- **Dataset content**:
/---

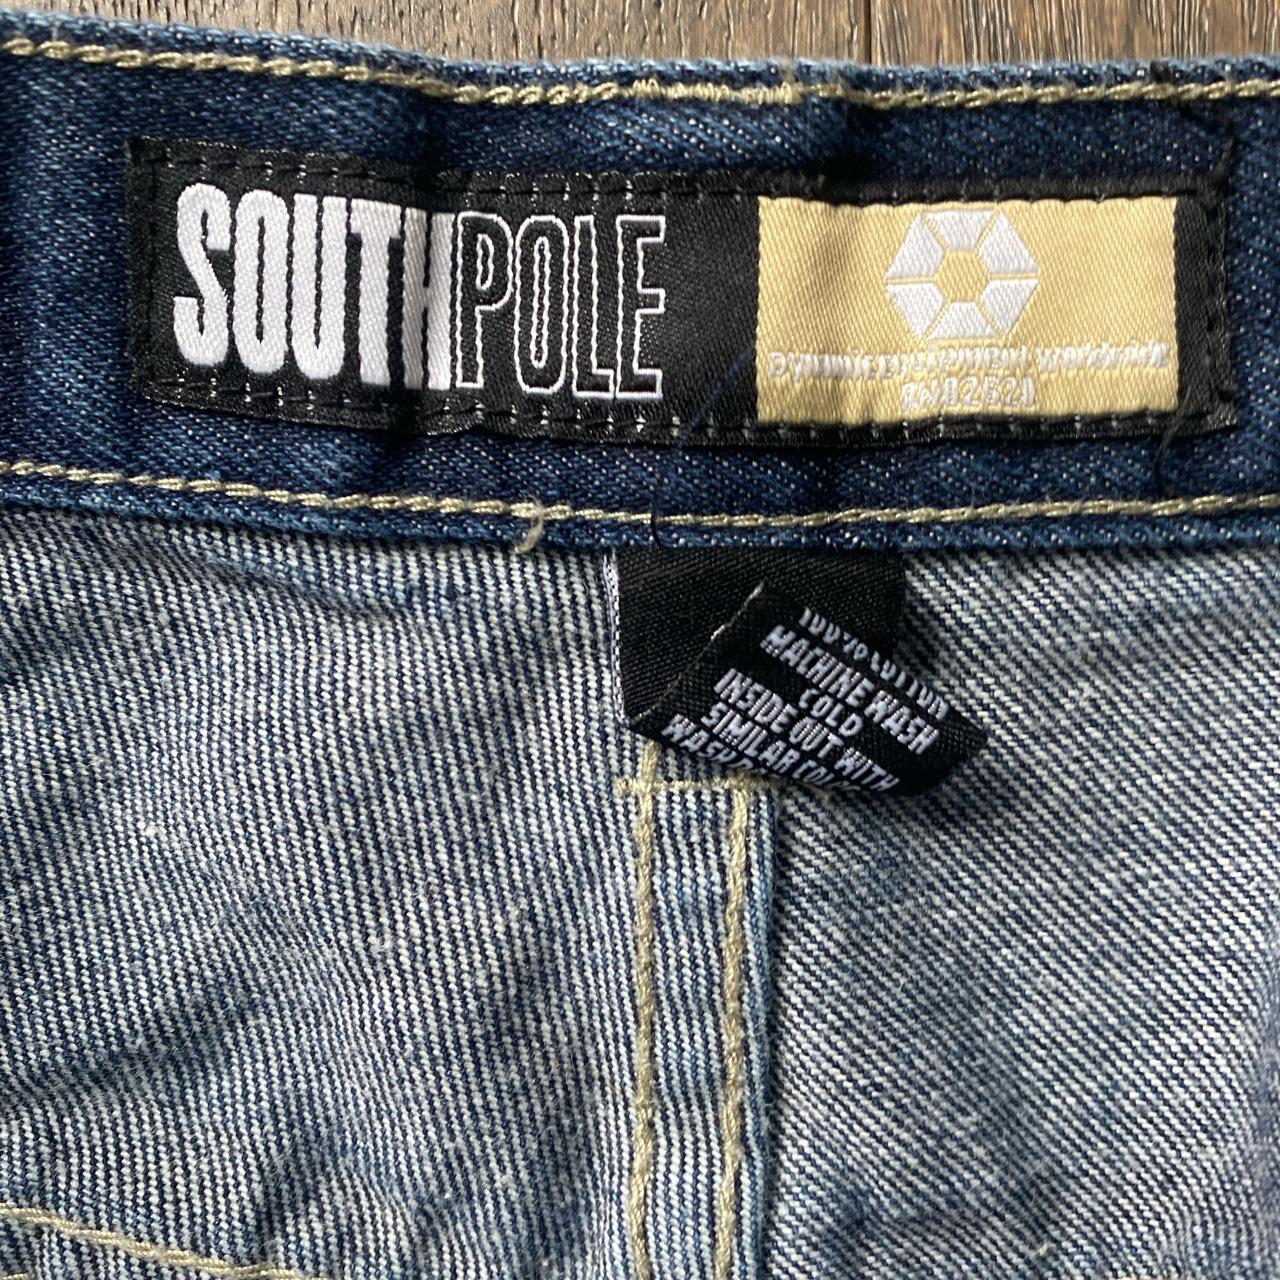 Super rare carpenter southpole jeans size 32/26 cut,... - Depop
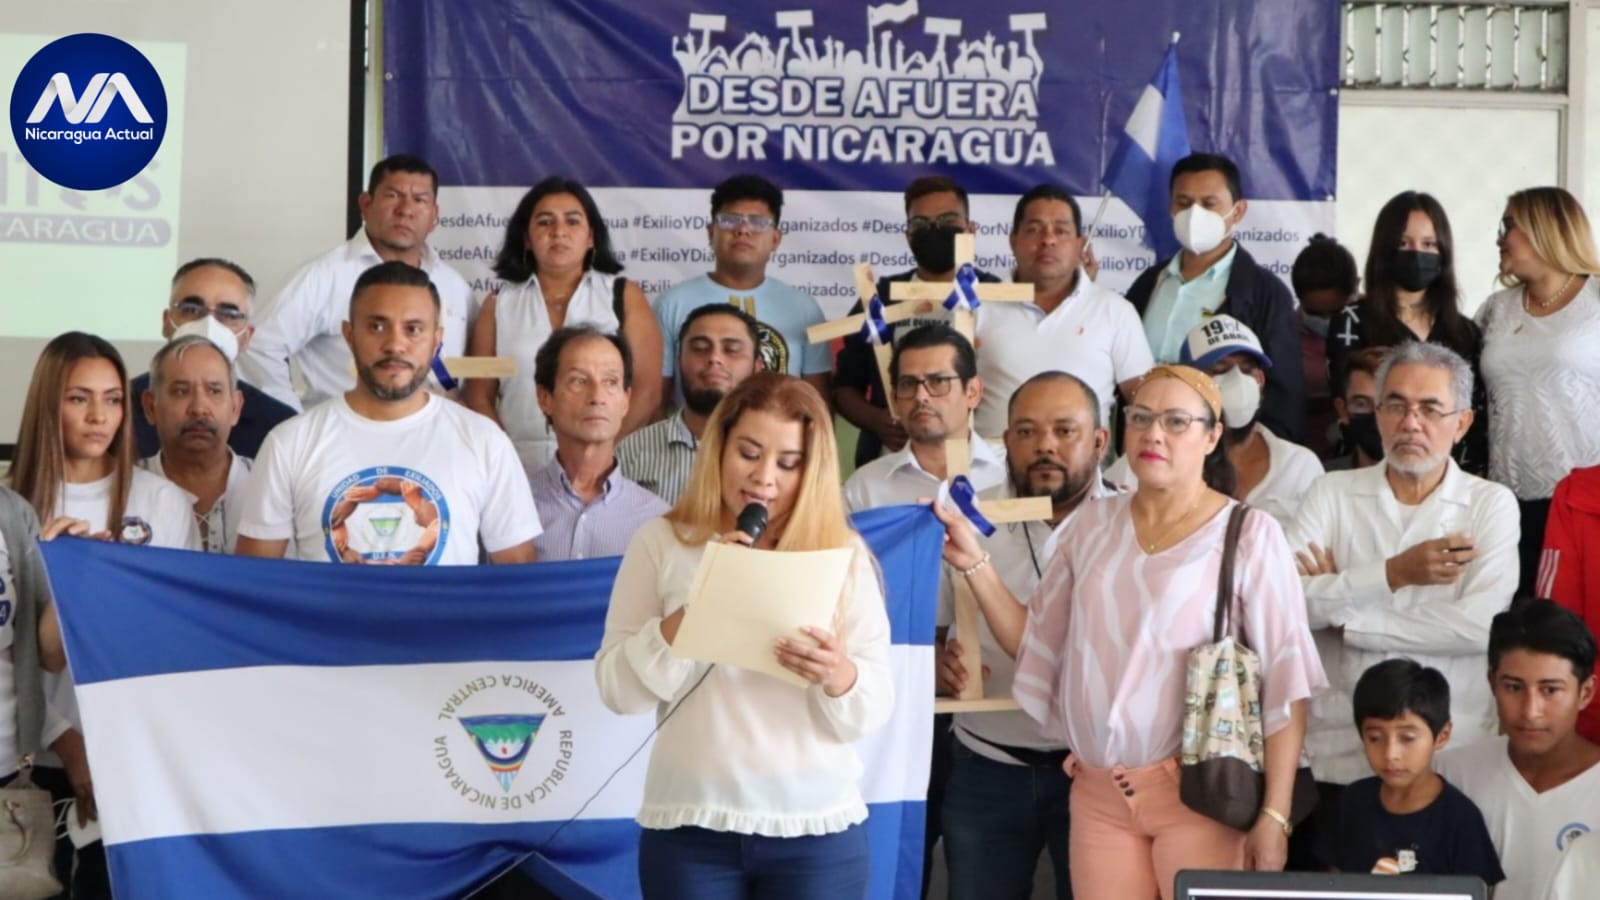 Opositores exiliados piden unidad de organizaciones azul y blanco. Foto: Nicaragua Actual
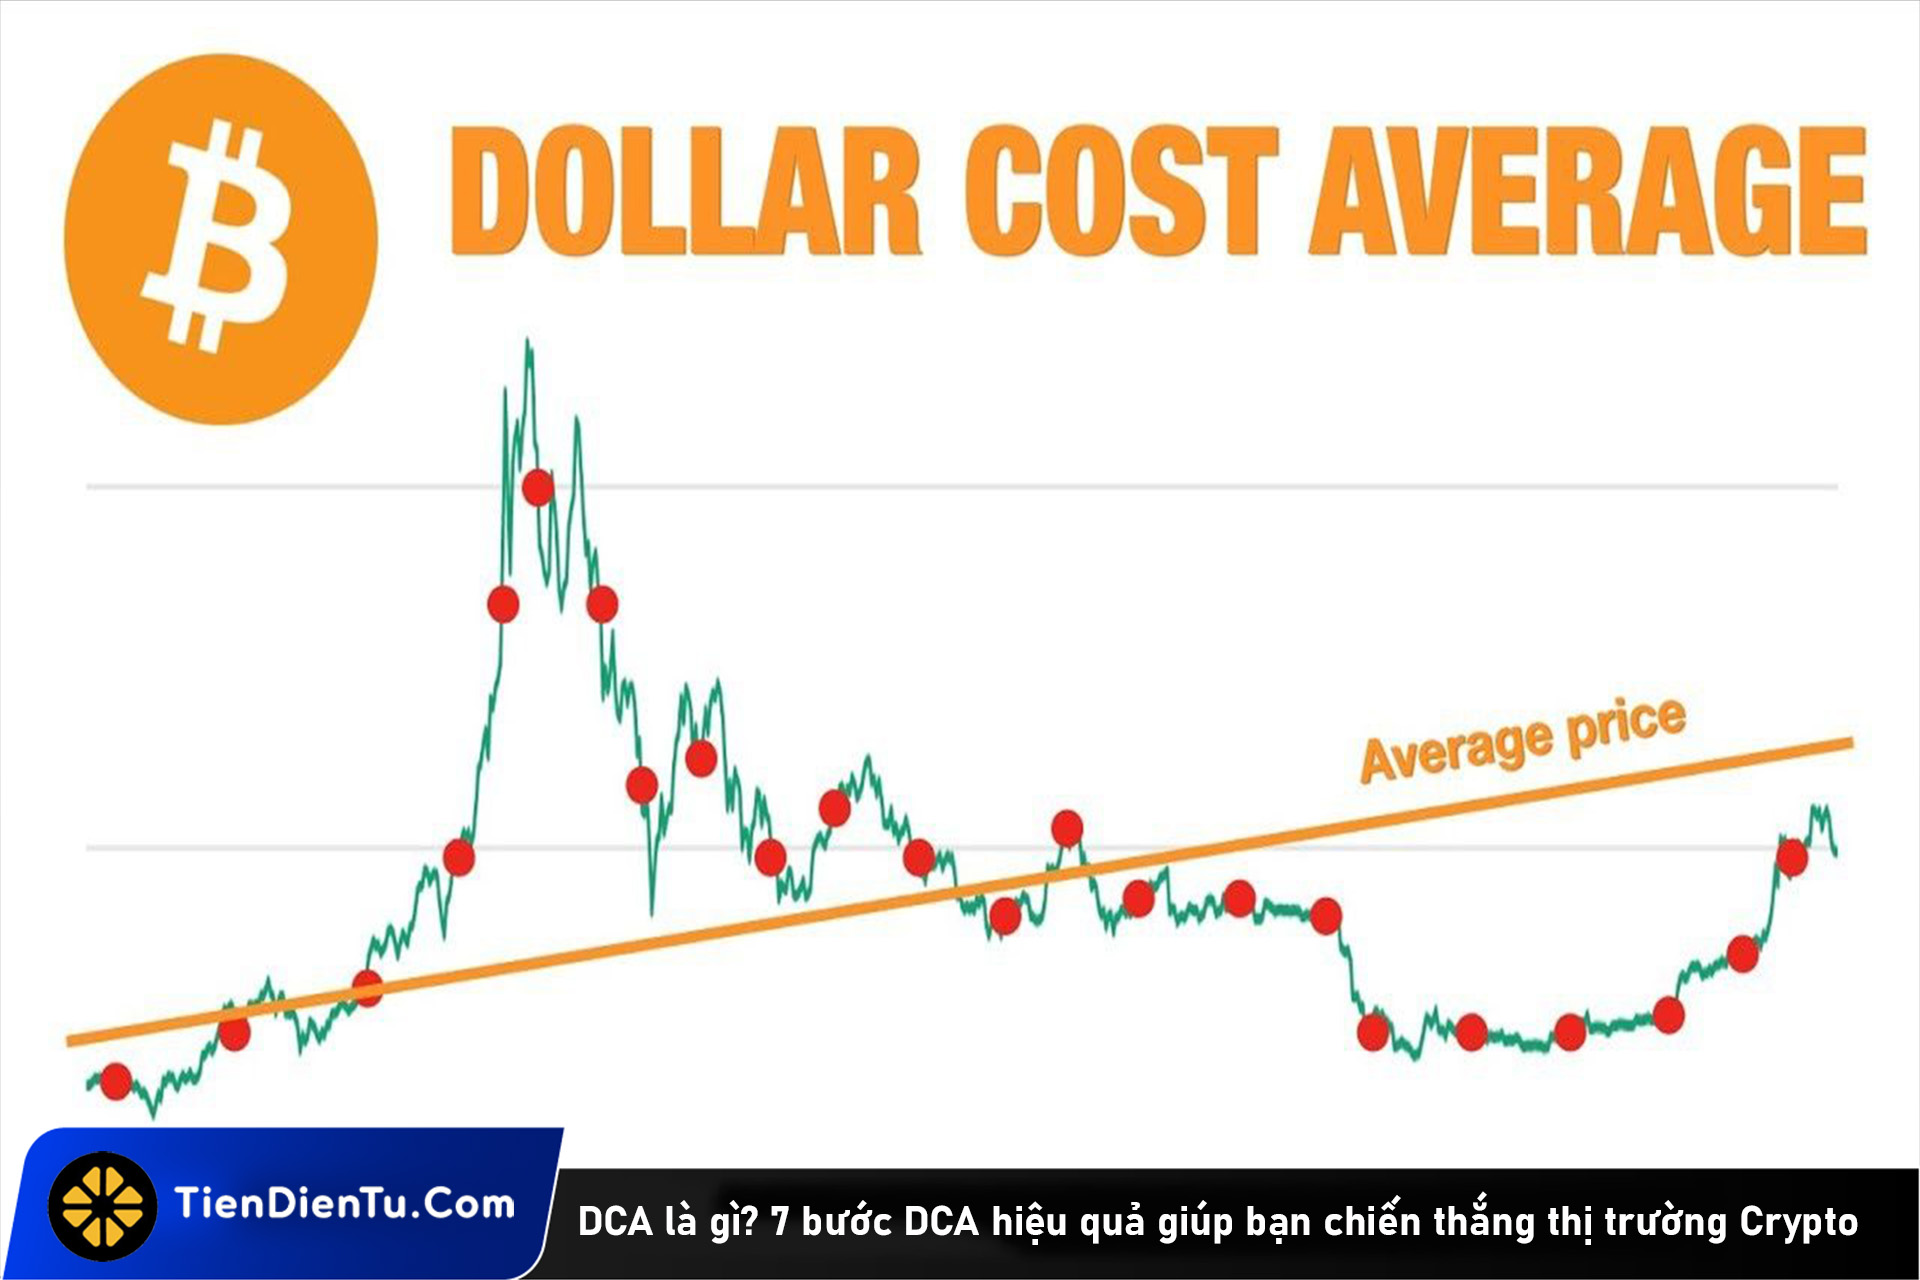 DCA là gì? 7 bước DCA hiệu quả giúp bạn chiến thắng thị trường Crypto
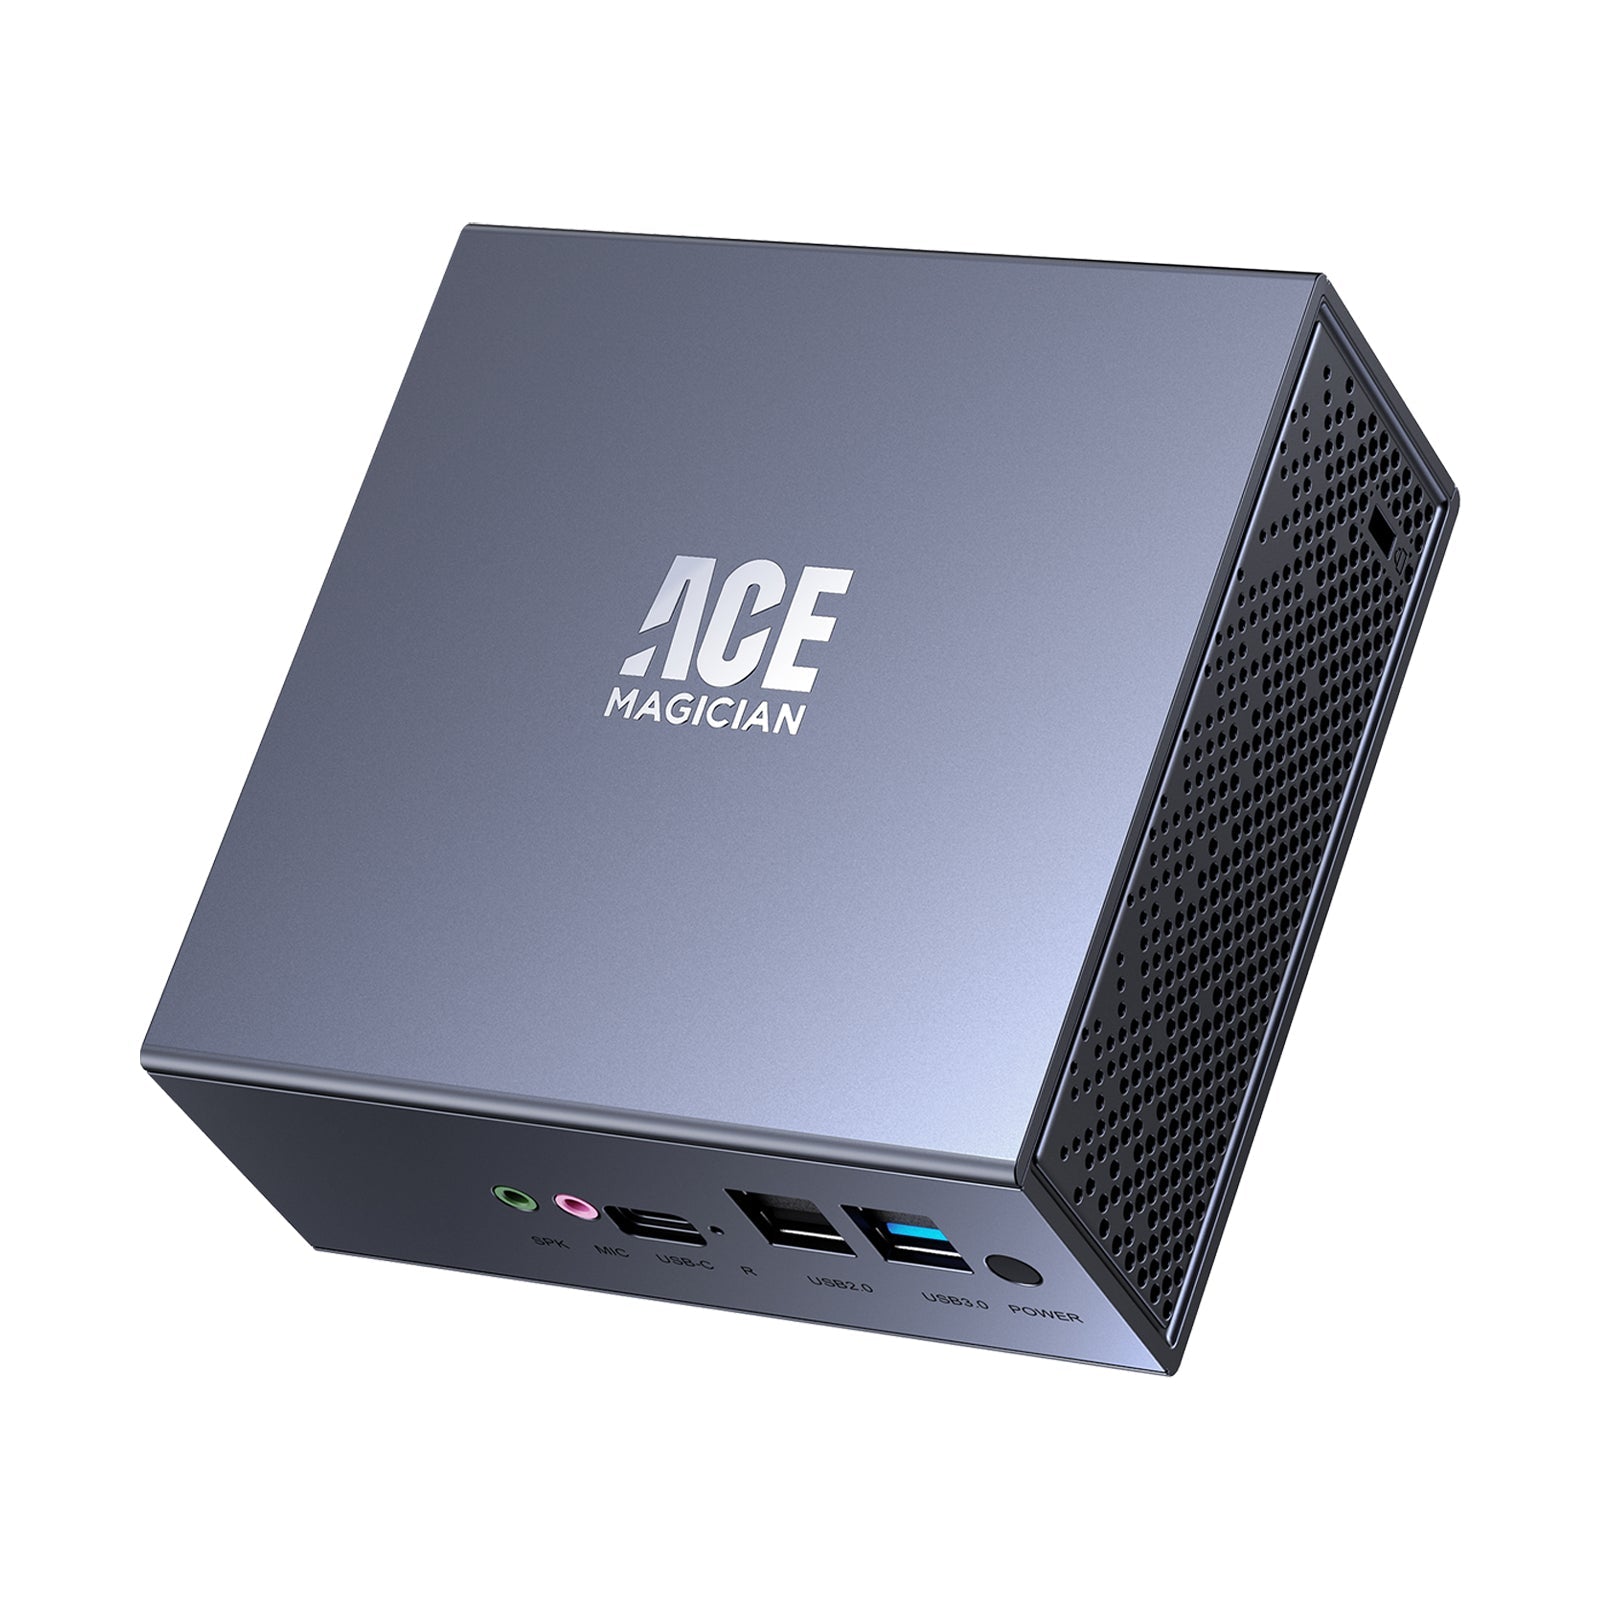 Ace Magician AM08 Pro Mini PC review (Page 6)

\---

- **Activity**: Print the listing exactly. No pictures belong in the copy.

- **Output**:
 Super rare carpenter southpole jeans size 32/26 cut,... - Depop
 Opositores exiliados piden unidad de organizaciones azul y blanco. Foto: Nicaragua Actual
 DCA là gì? 7 bước DCA hiệu quả giúp bạn chiến thắng thị trường Crypto
 Ace Magician AM08 Pro Mini PC review (Page 6)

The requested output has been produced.